The Obvious: As written about in our last IMHO Sunday column, “Notre Dame has thrown down the branding and social media gauntlet by placing Irish football player(s) billboards around the country beginning with Chicago, Cincinnati, Dallas, Detroit, Indianapolis, Charlotte, Jersey City, New York City, Phoenix, and Los Angeles. The Irish LA billboard on the 405 Freeway shows a photo of former local Crespi High and walk-on receiver Matt Salerno in his Irish uniform and saying, “I’m from Los Angeles and I chose Notre Dame.”
The Not So Obvious: All of which takes us back to the name Brian Kennedy and his highly successful billboard advertising company, “Regency.” If there was ever a time when the Trojans could use a highly successful billboard media consultant, it would be former USC graduate Brian Kennedy. Trust the old O/NSO, there has been no more loyal and proven supporter of USC football and athletics than Kennedy. The former San Gabriel High grad and former college roommate of the late USC All-America wide receiver Hal Bedsole, if Kennedy ever needed a blood transfusion, he would demand it be colored cardinal and gold.
The Obvious: In recent years, USC and Brian Kennedy have not been bosom buddies, which is sad to say the least.
The Not So Obvious: Why USC and Kennedy haven’t been on the same page should be heartbreaking – for both parties. It’s a crime that one of the most loyal and active Trojans alumni has withdrawn from his lifelong love affair with USC, a tragedy that should never have happened. The parties involved obviously know what happened, but there has to be some way for reconciliation because it just shouldn’t end this way.
And FYI, Kennedy didn’t call the O/NSO and ask me to be an intermediary on his behalf to start a dialogue been USC and himself. We don’t do such things around here, and it isn’t our place to do so.
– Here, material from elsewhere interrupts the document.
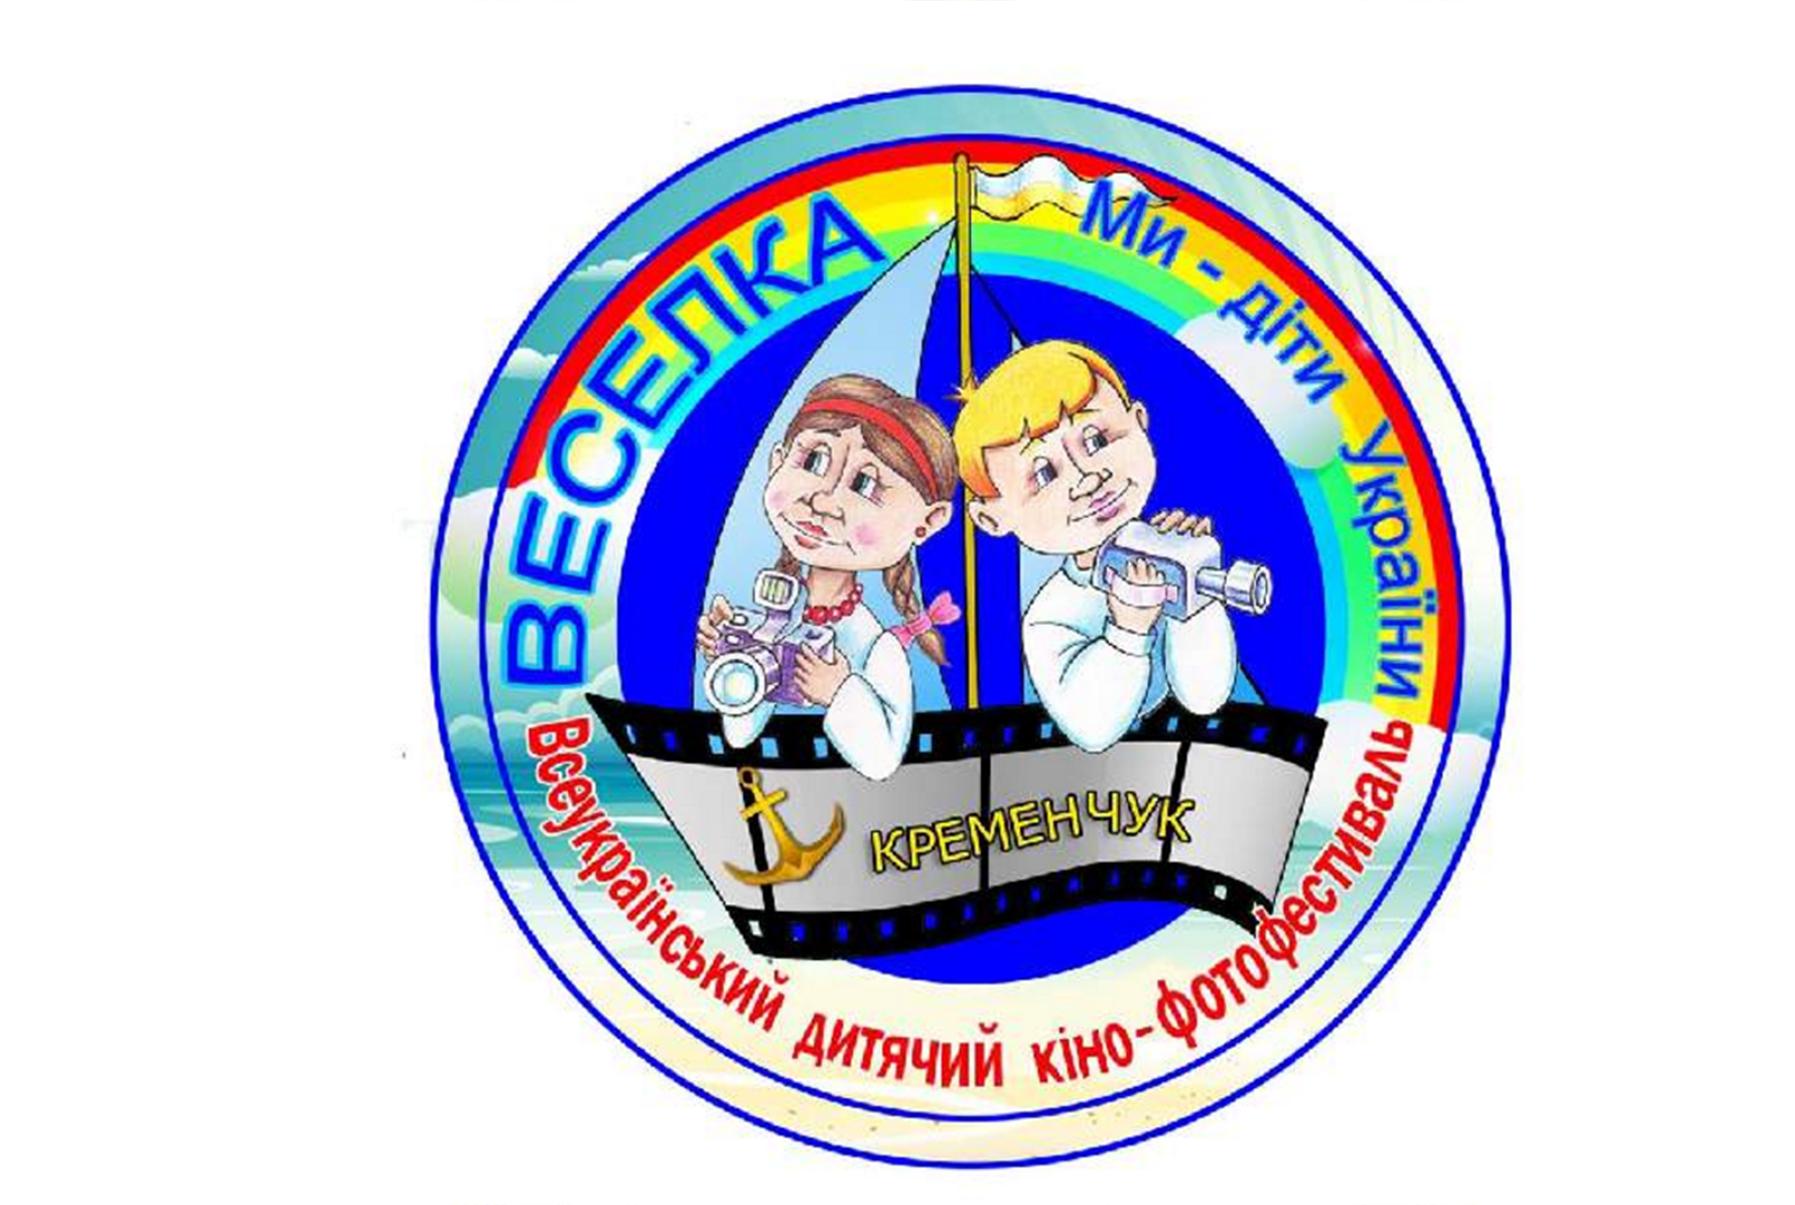 Всеукраїнський фестиваль дитячого кіно та телебачення 2017.
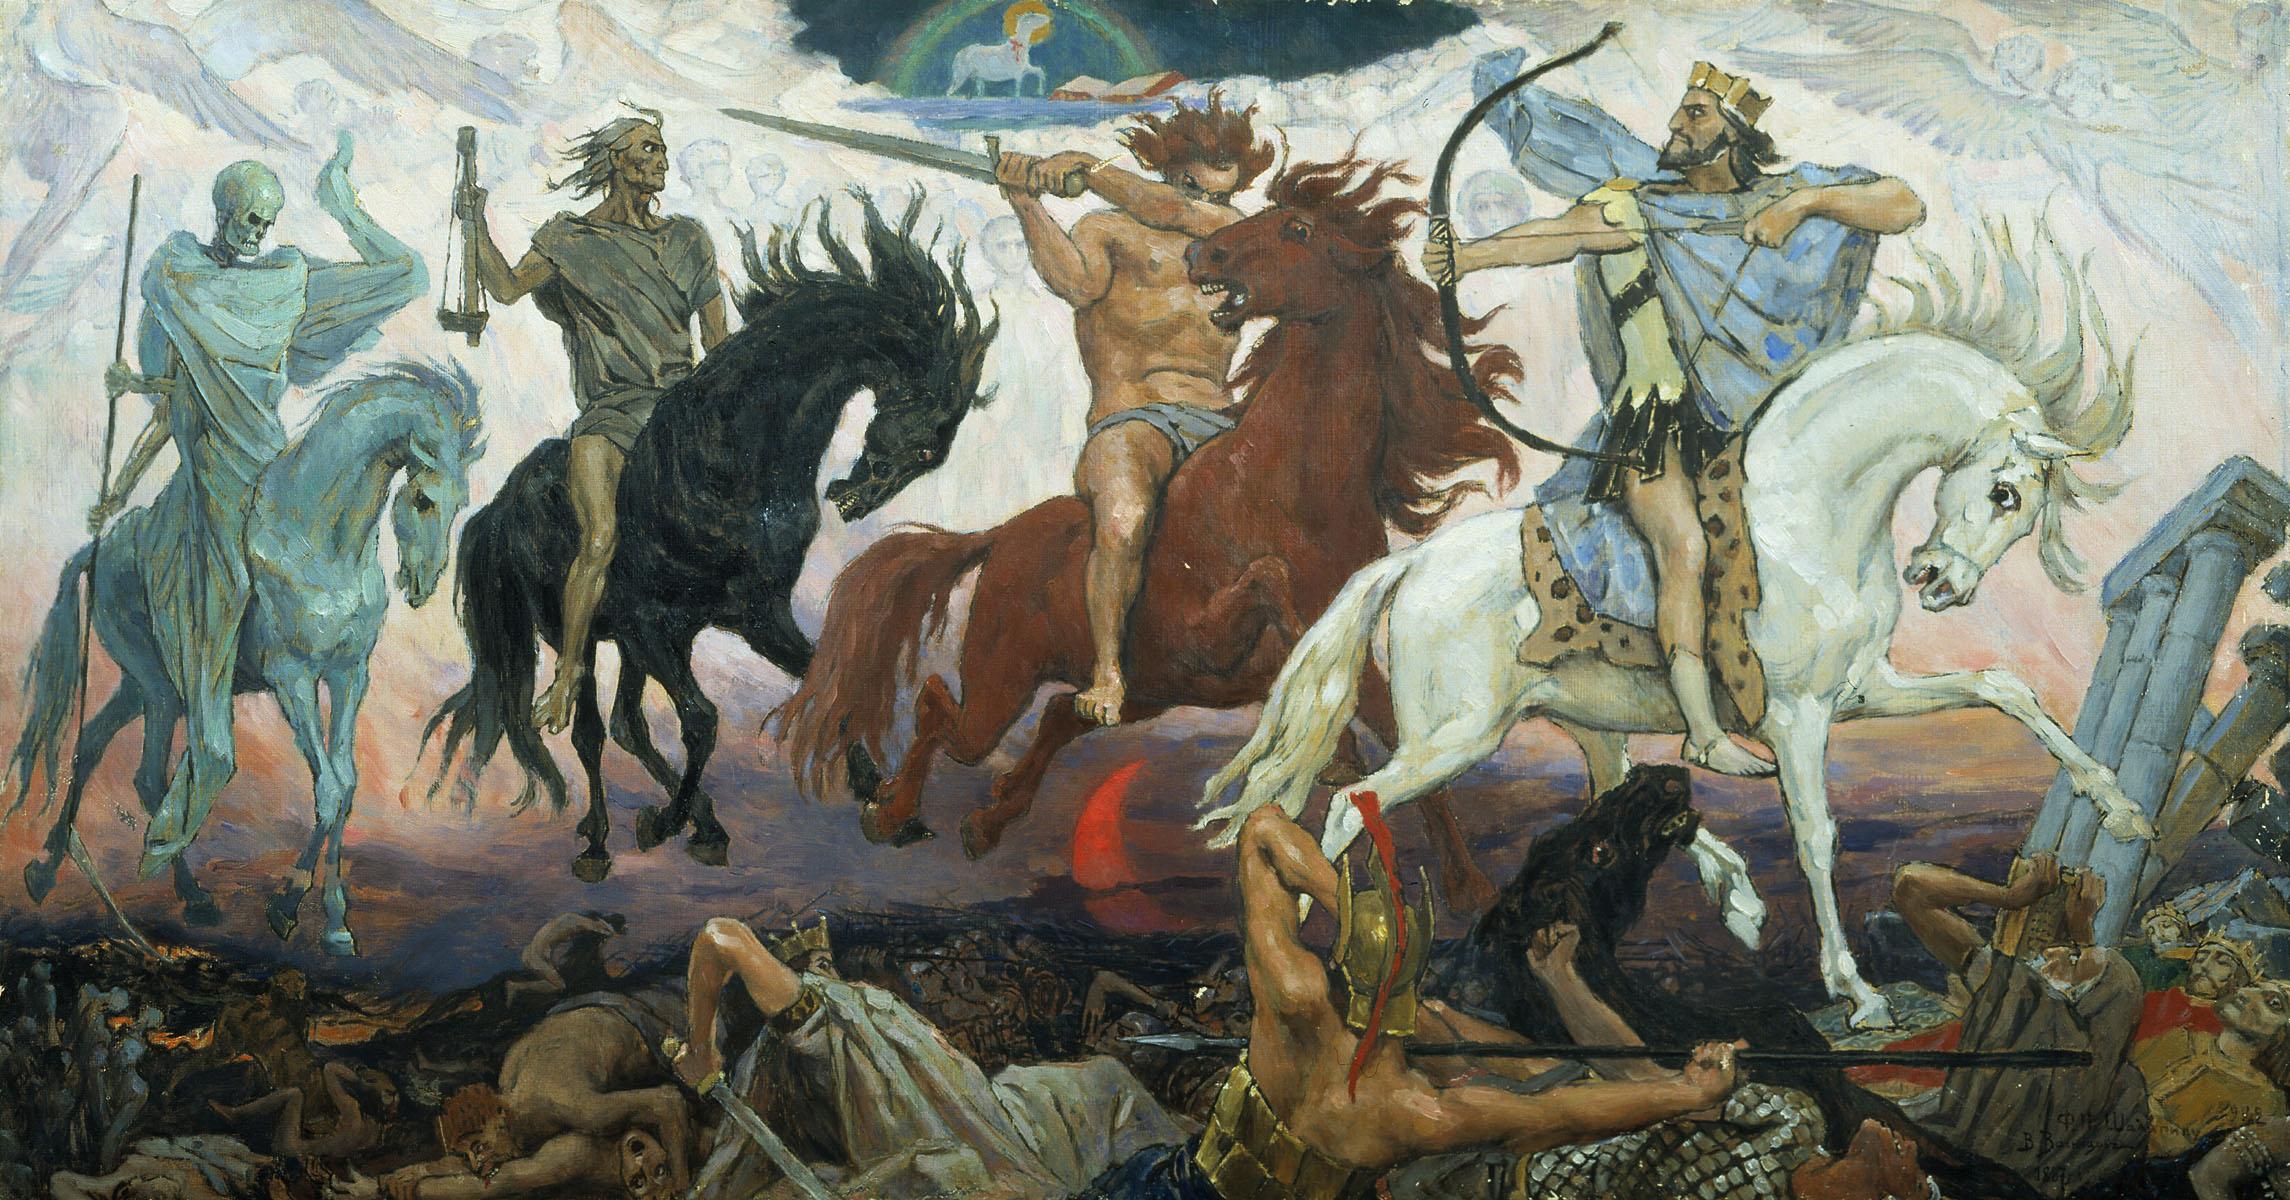 Los cuatro Jinetes del Apocalipsis que según la Biblia aportarían grandes males a la humanidad. De izquierda a derecha: la muerte, el hambre, la guerra y la enfermedad. Pintura de Viktor Vasnetsov (1887).

The O/NSO realizes USC is going through some sort of metamorphosis, but honestly, that metamorphosis should never have taken place to exclude a Brian Kennedy from the cardinal and gold world and for that matter B. Wayne Hughes, an alumni super booster, who is a tower of financial strength. Then there is the university disbandment of longtime loyal support groups, which many USC alumni call to this day a disgrace. Perhaps with good intentions, all of the aforementioned was done under the early tenure of Dr. Carol Folt.
The Obvious: It appears that USC president Dr. Carol Folt has systematically tried to gain much tighter control of powerful athletic boosters and support groups in order to have, in her eyes, a more disciplined, controlled, and organized university.
The Not So Obvious: It has been reported – fairly or unfairly – that Dr. Folt doesn’t like the idea of being “indebted” or “controlled” by mega-bucks athletic boosters. She sees it as the tail wagging the dog. What is true is that there is now a great distance or gap now between the super athletic boosters and USC. Many once influential boosters feel as though they have been tossed aside and thrown under the bus like John McKay’s fabled I-formation. Certainly, there are no winners here but plenty of losers on both sides.
Looking back when she was chancellor of North Carolina, one wonders how Dr. Folt handled adeptly the intense Tar Heels men’s basketball boosters and Board of Trustees when she was the boss in Chapel Hill. Maybe Folt finds it much easier to control Clay Helton, AD Mike Bohn, and the USC Board of Trustees than UNC Hall of Fame basketball coach Roy Williams, UNC AD Bubba Cunningham, and the UNC Board of Trustees.
Obviously UNC football is not nearly on the same storied level as USC football, which most UNC boosters certainly wouldn’t argue. However, is the USC Board of Trustee as involved in football as the UNC BOT is with basketball? Dr. Folt might say that it’s easier to deal with the USC BOT and football in Los Angeles than the UNC BOT and basketball alongside Tobacco Road.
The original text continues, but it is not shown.